Dataset extract -

····················

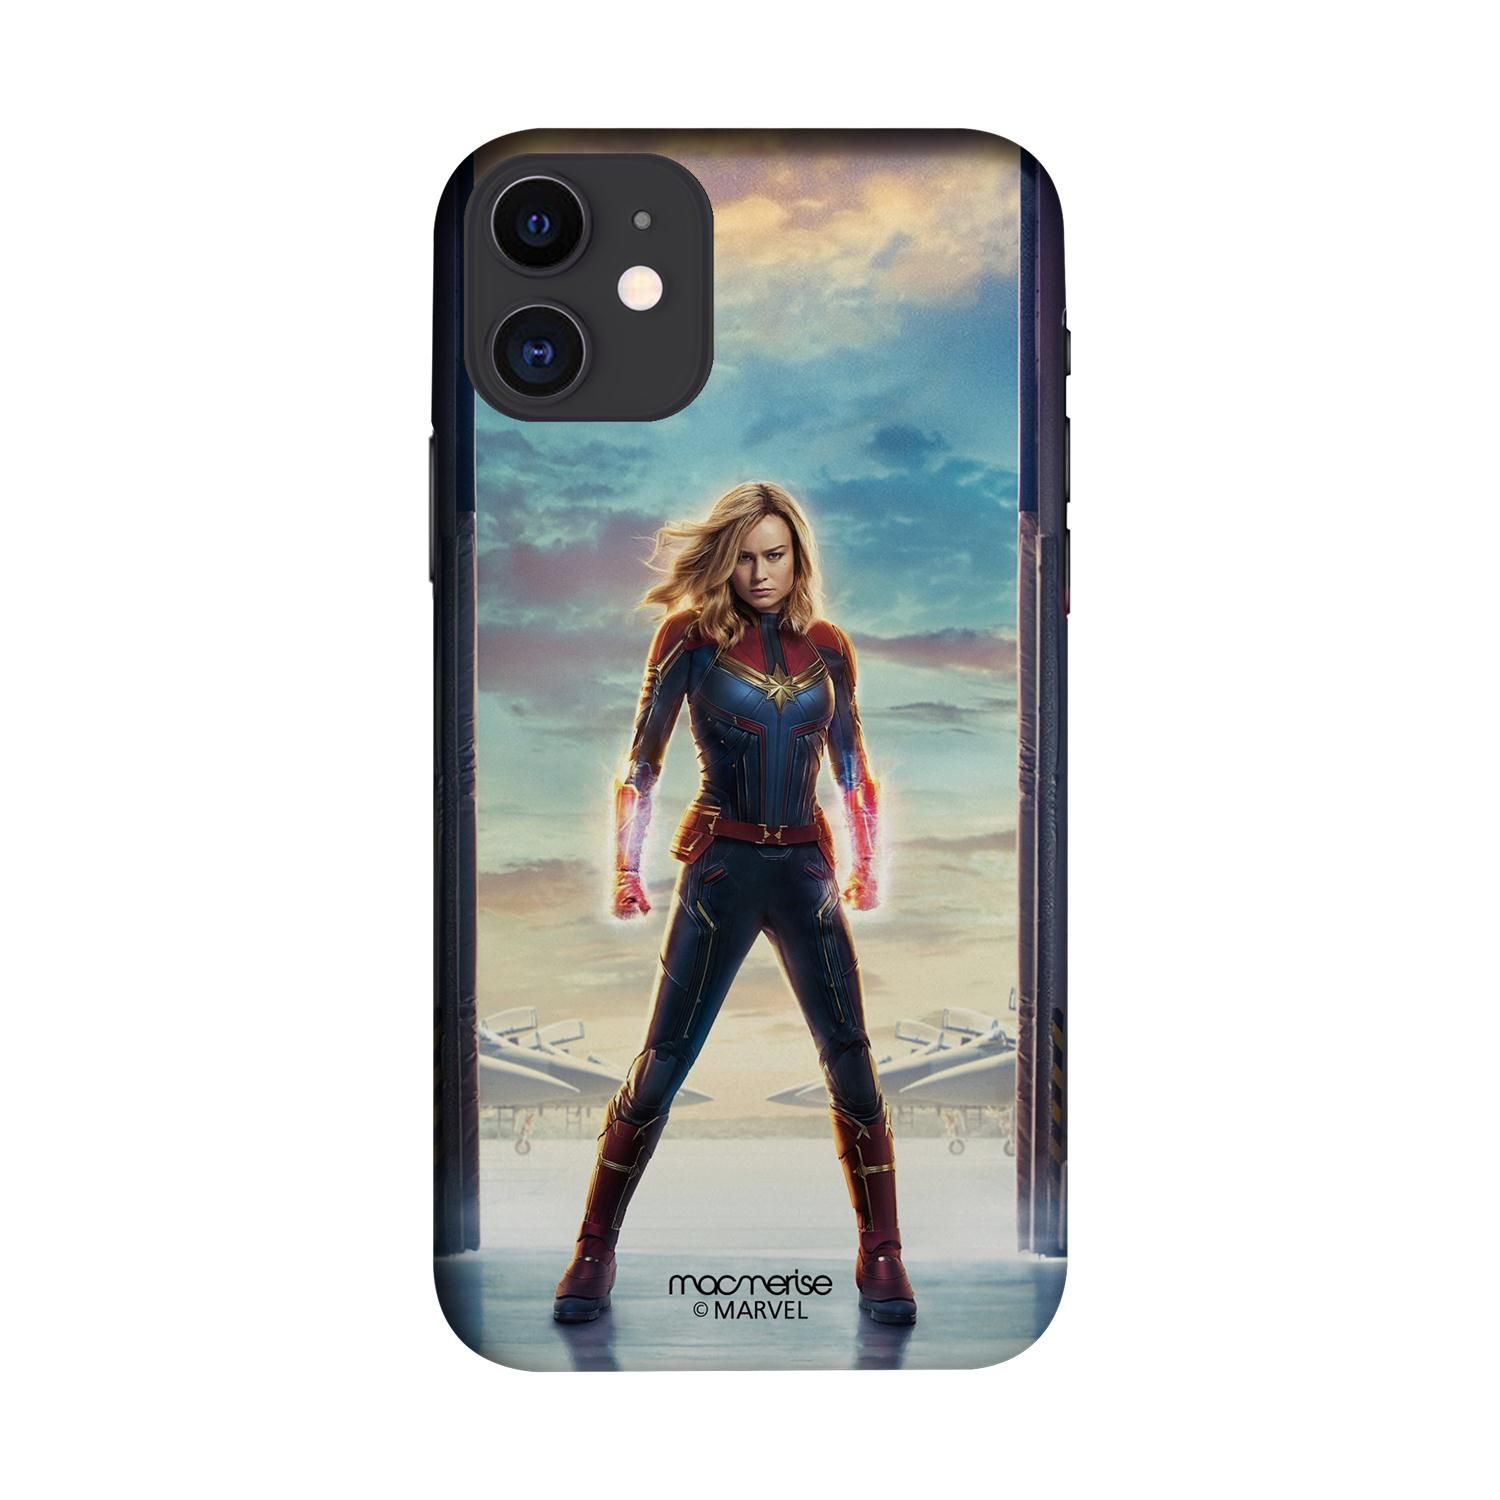 Buy Captain Marvel Poster - Sleek Phone Case for iPhone 11 Online
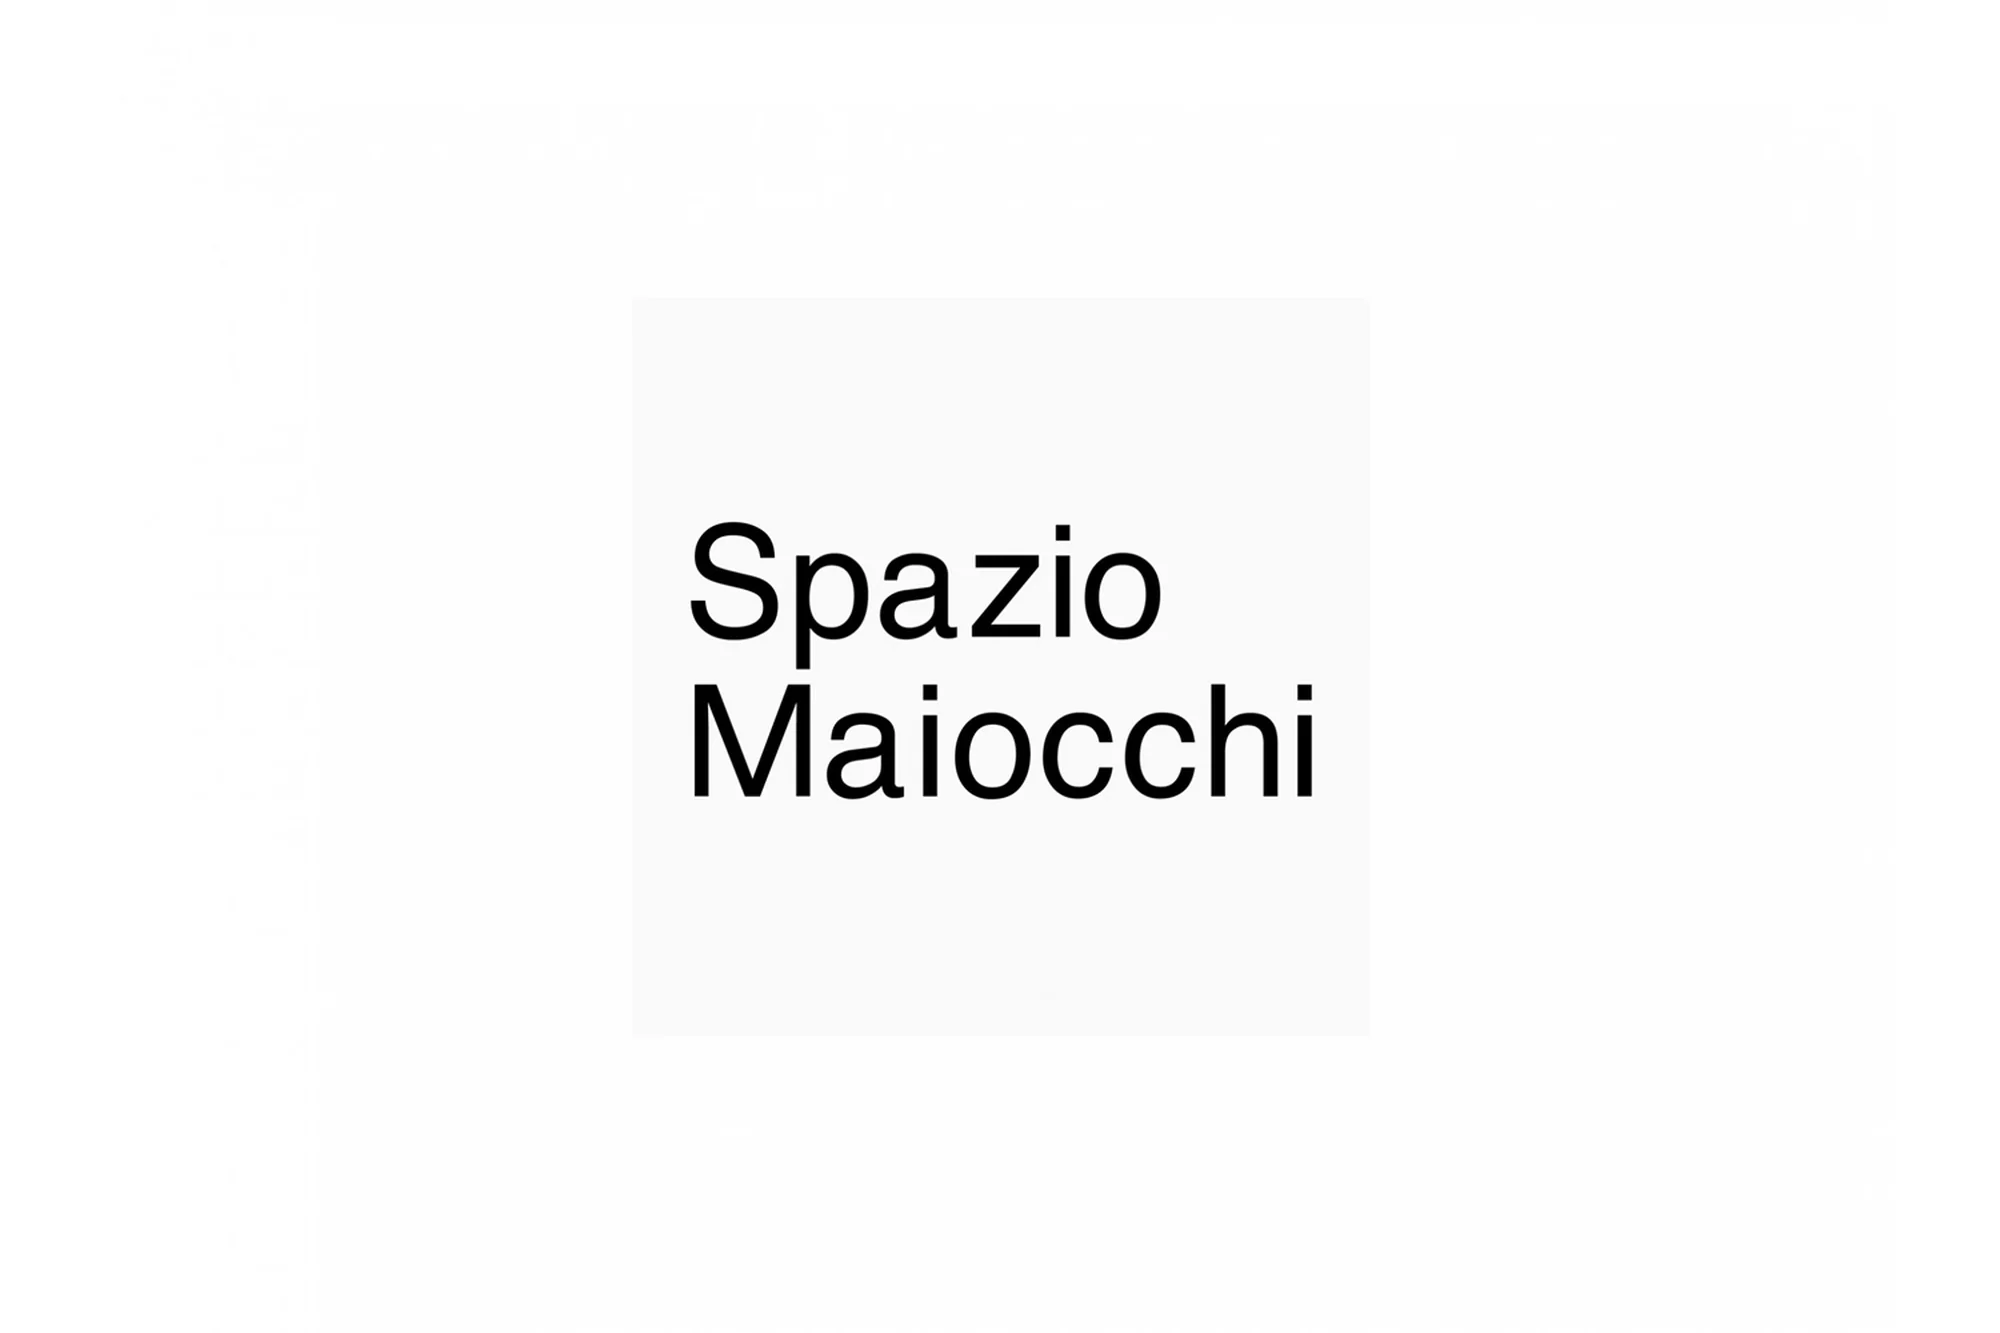 Spazio Maiocchi by Bureau Borsche
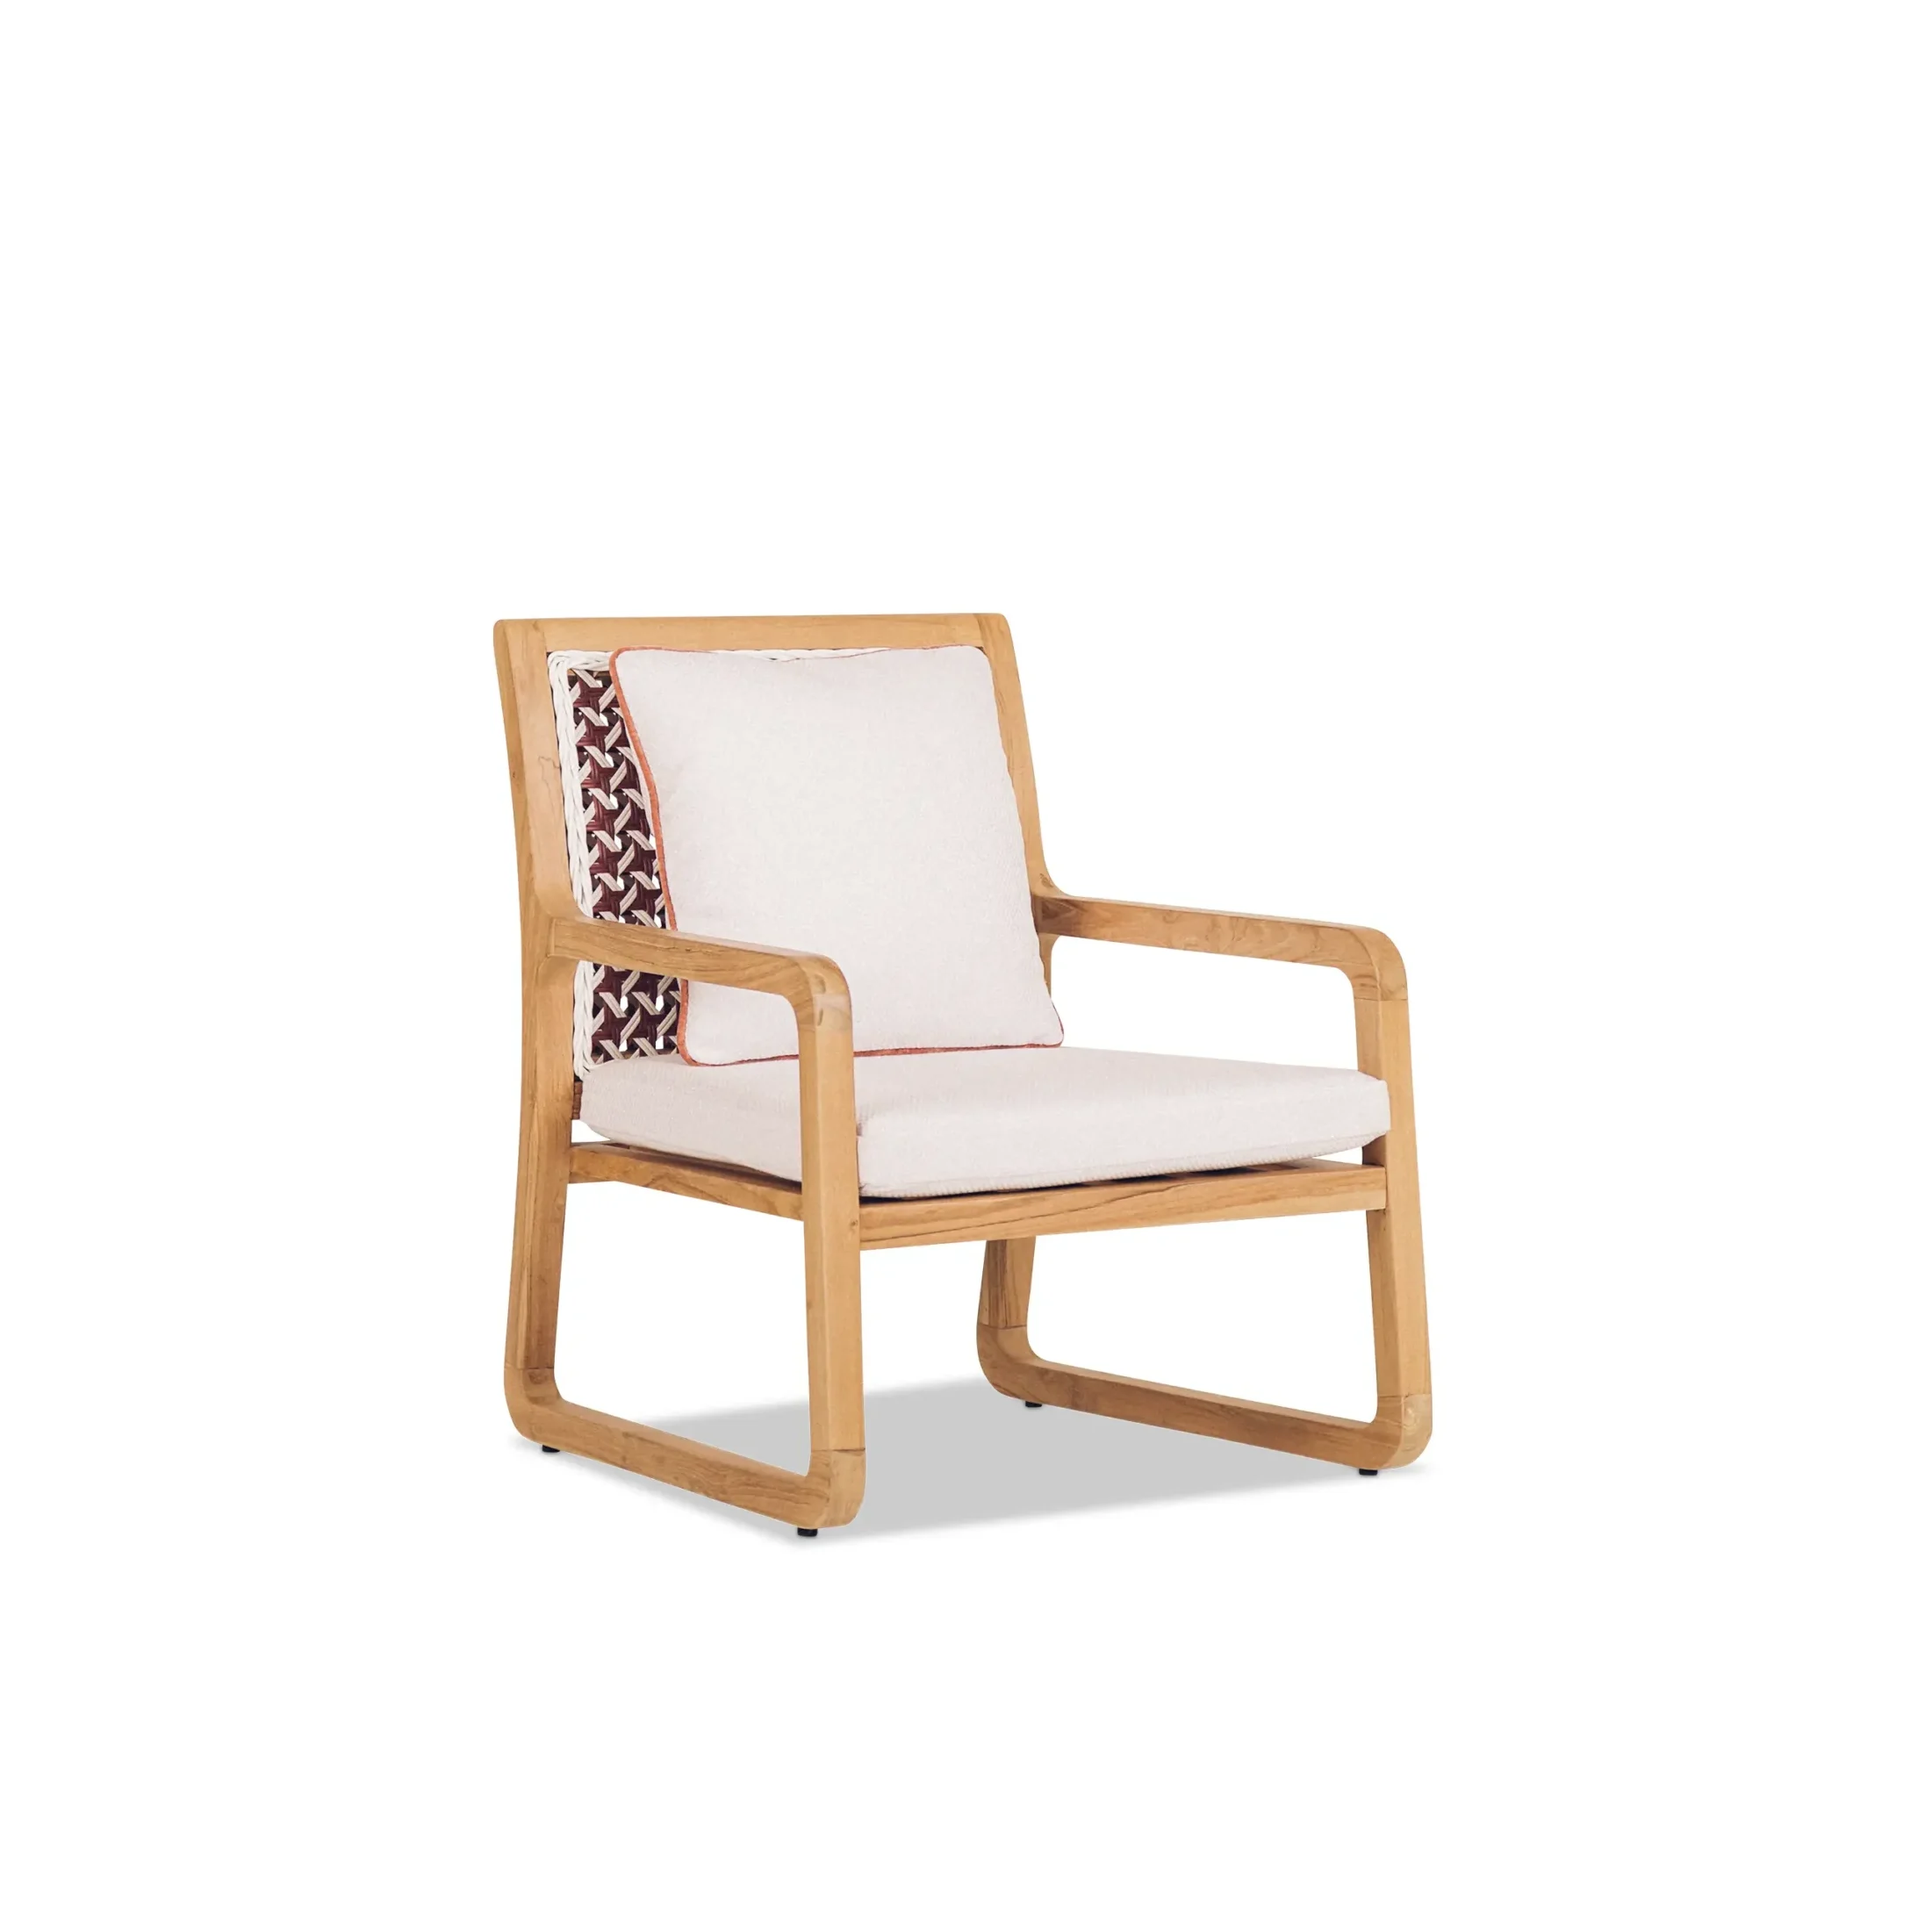 Lounge_chair-Curacao-side3_w

····················

The final stretch of the data, from the line with "Spazio Maiocchi by Bureau Borsche" through its last line, is to be retyped exactly; pictures are not part of the copy.

Task answer -
 Spazio Maiocchi by Bureau Borsche
 Lounge_chair-Curacao-side3_w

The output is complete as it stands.